So it doesn't really say anything about my school. But sometimes I mention my school. So I wouldn't put on my logo-- like I made the example last week too. Even if-- because I'm doing this for OTAN, I would never use OTAN's logo or anything on my YouTube channel without their permission.
So just be careful with that. Just have a conversation with your director or send an email out to the IT department, things like that. Like what's the policy on using the school logos on your YouTube channel? Because our district has their own YouTube channel. So it's not like I'm trying to represent my district.
So the first ones I'm going to tell you is about-- OK, I'm getting very hot in my face right now because I'm a little bit embarrassed. Because I made some homemade cards just to practice. And literally, this was at 5 o'clock in the morning last week, and on a couple of different days.
And I just wanted to see how the process was. But I would definitely-- I'm going to show you what they look like. And believe me, I'm embarrassed as all. But I just want to give you an idea [laughs] of what you can do, or what you should do, if you want to make these kinds of cards.
And I would definitely be mindful of a few things. Don't wear a shirt that has any kind of logo or anything on it, because it a distraction. So maybe wear either like a floral print or just a solid color.
Make sure your lighting is pretty nice. And then if this is going to be the face of your videos, maybe take a shower, do your hair. I don't know. These are not things that I had done. So that's why I give you these little tips.
So let me show you some what I did. [laughs] And OK, so I'm going to present this. Can we see-- can you see where it says, Alisa's Video of the Day?
Alisa Takeuchi: OK. So I went on to Slides, to Google Slides, and I made a bunch of slides. And so this one I actually made just recently because I thought, oh my gosh, all the ones with my photo in it are just ridiculous. So I thought maybe I should have something that's kind of generic, that has nothing with-- no picture or anything on it.
And this could be the cover of my videos. And each topic could be a different topic. So for example, we were in Ventures unit 9 I think. And we did some videos on housework. So this could be the topic, then I could just change this every time. So per all about me, or shopping, or whatever the topic is for those videos, then I could make this as the generic cover.
OK, so again, again, I'm telling you, 5 o'clock in the morning, lighting's terrible. I've got a treadmill in the background. Of course, I would never use this for my videos for the real life. But just an idea of what you could do.
So I took some-- yeah. I took a screencast. I use Screencastify and I made a video. And what I did was I literally sat in front of my camera and I posed. I did these little vogue poses for a few seconds.
And I just switched them up, like just whatever I could think of. Like the hammier the better. And then I went back and I took screenshots of little frames that I liked, well, quote unquote, "liked." And then on Google Slides, I made the Good Mornings or whatever.
So again, this is not-- this is just an idea. [laughs] This is Not An example of what you should do.
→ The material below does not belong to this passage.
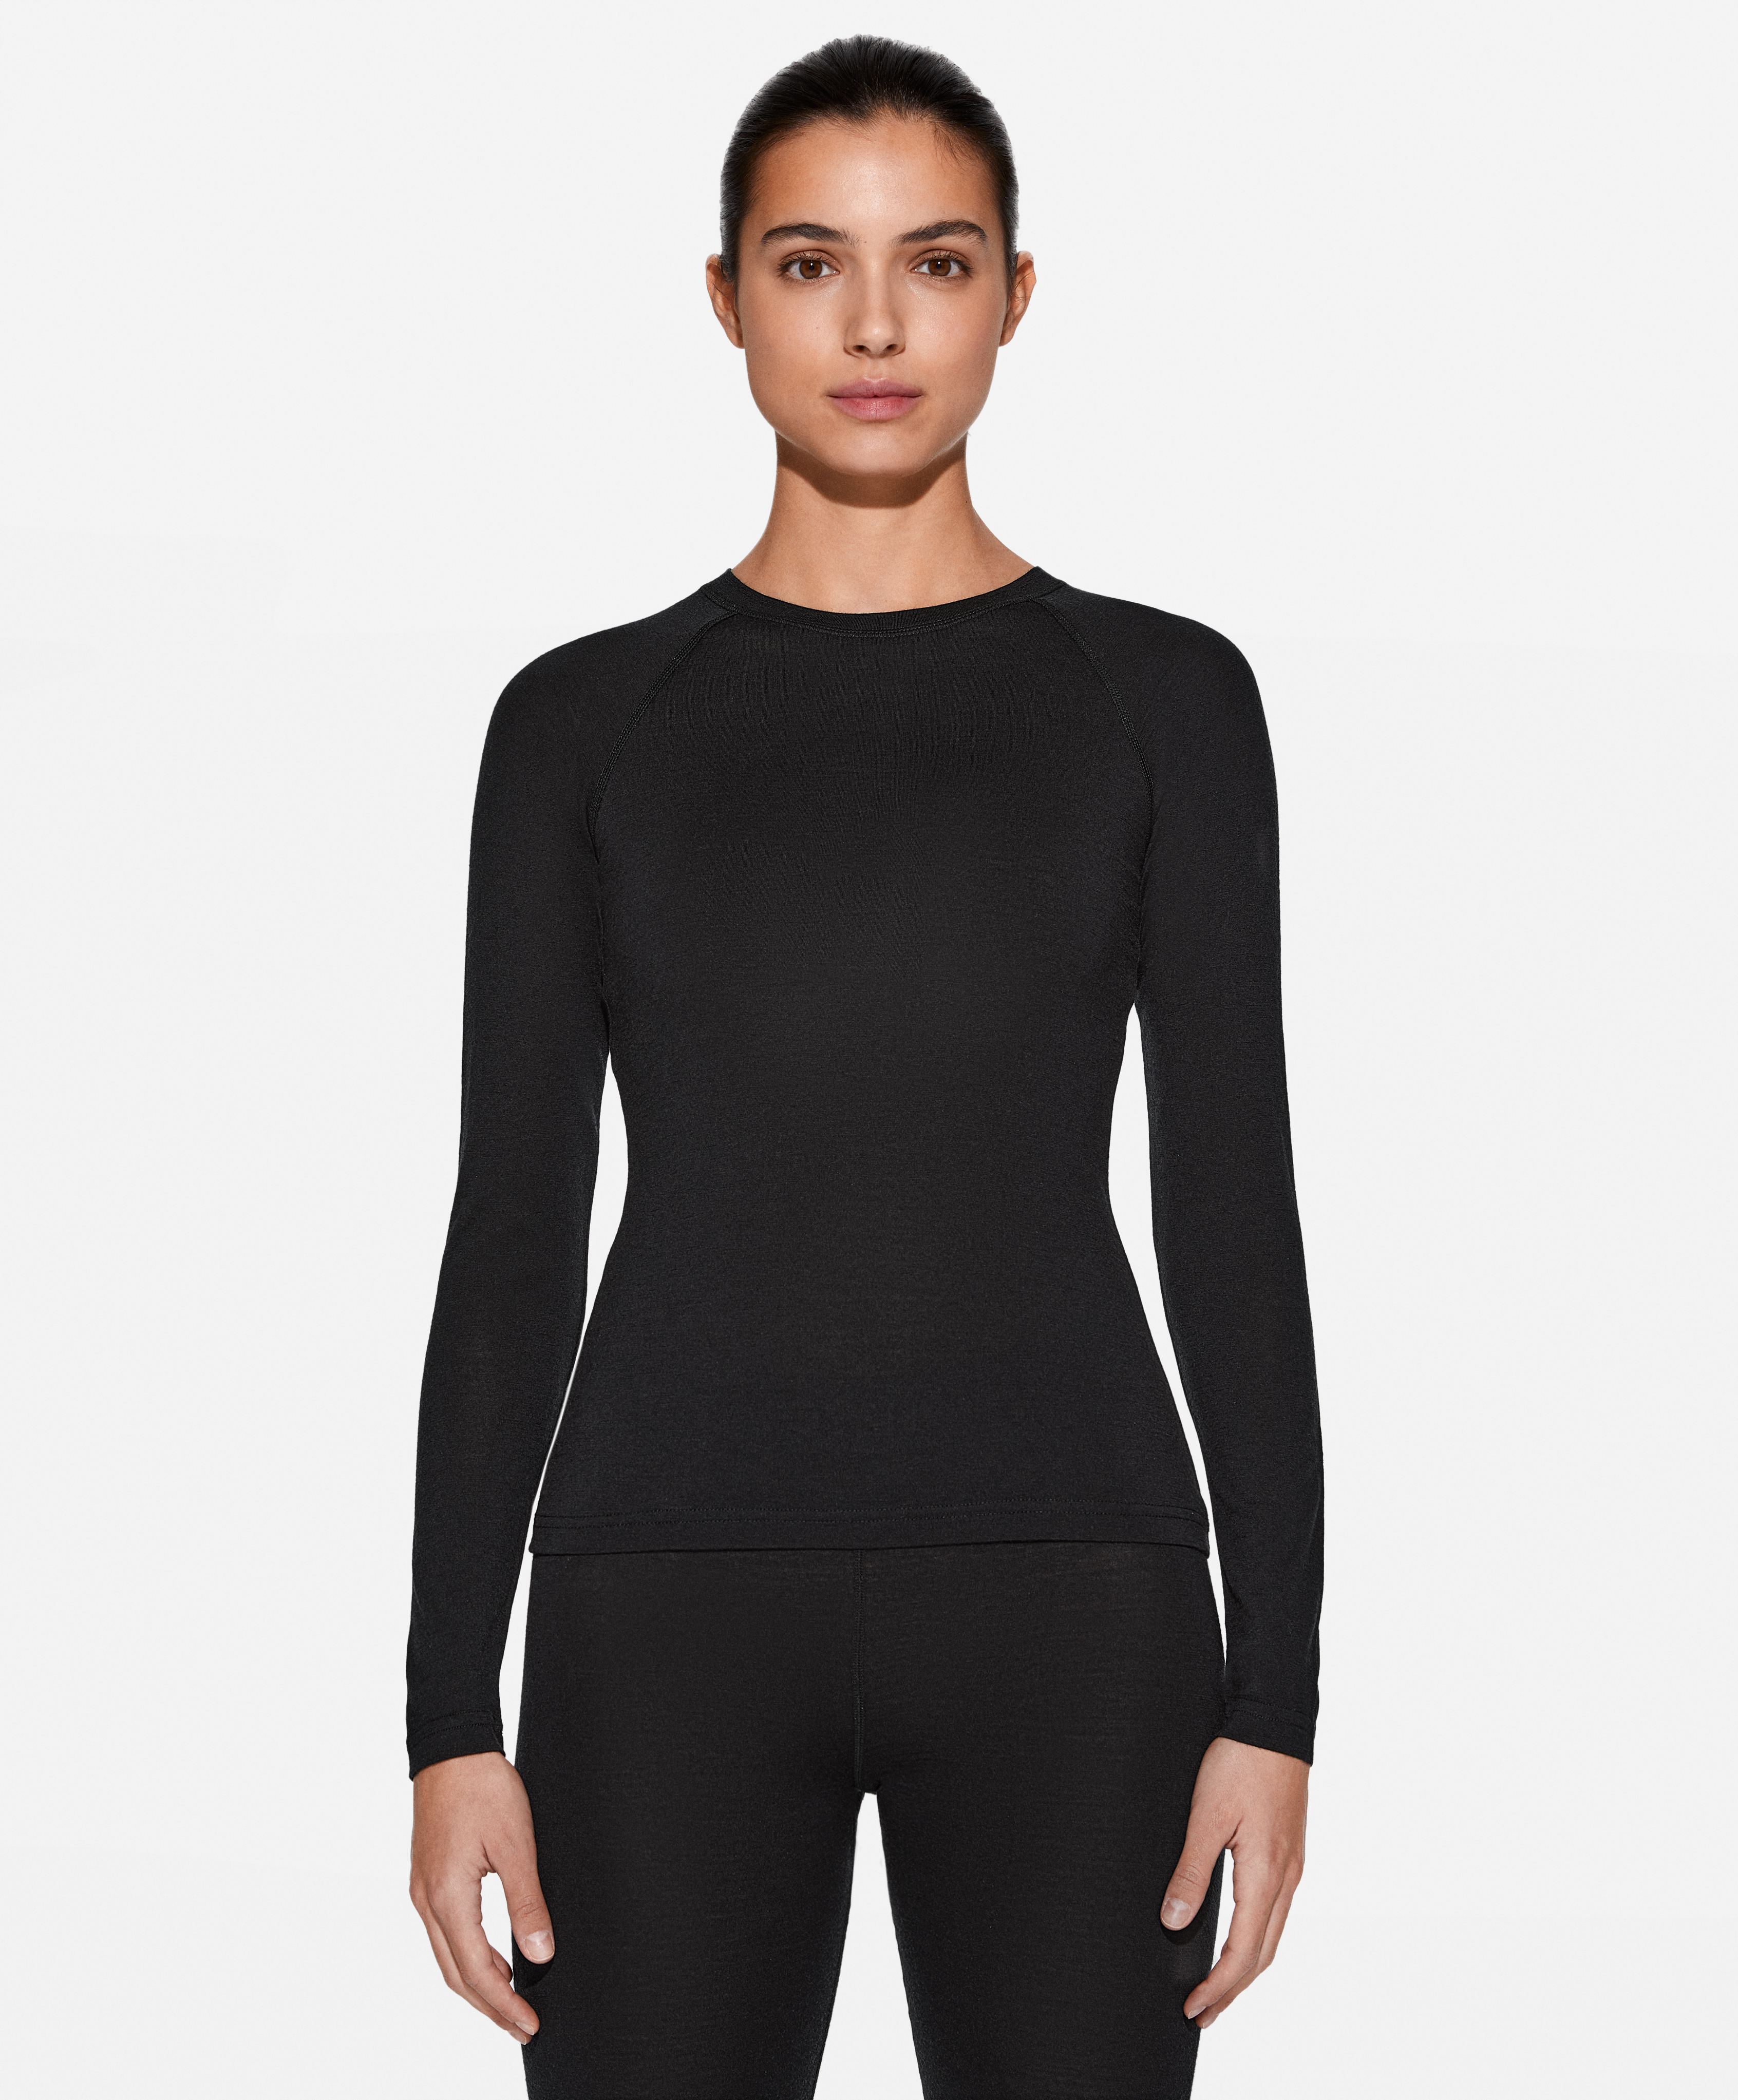 Super extra warmth long-sleeved technical top in 100% wool

It's probably a example of what you should not do. So again, so then-- So this me.
And it's literally so campy and so hammy, and just you feel ridiculous doing it. But if it was right, I mean, these are could come out to be really, really good. So if you're in front of a plain wall or something, when you make these little shoutouts, make them colorful and bright and make them big.
You always want to use big font sizes, because some of you today that know, if you're using your phone, which most of our students are, everything is so small. And so to make it bigger helps them. So it doesn't have to be very wordy or anything, but just colorful and big and bold would be better.
So again, these are just some ideas, just get your wheels spinning a little bit, of some face cards that you can make-- oh, no-- [laughs] on how to introduce your videos. And so crazy. OK, so enough of that. I'm embarrassed.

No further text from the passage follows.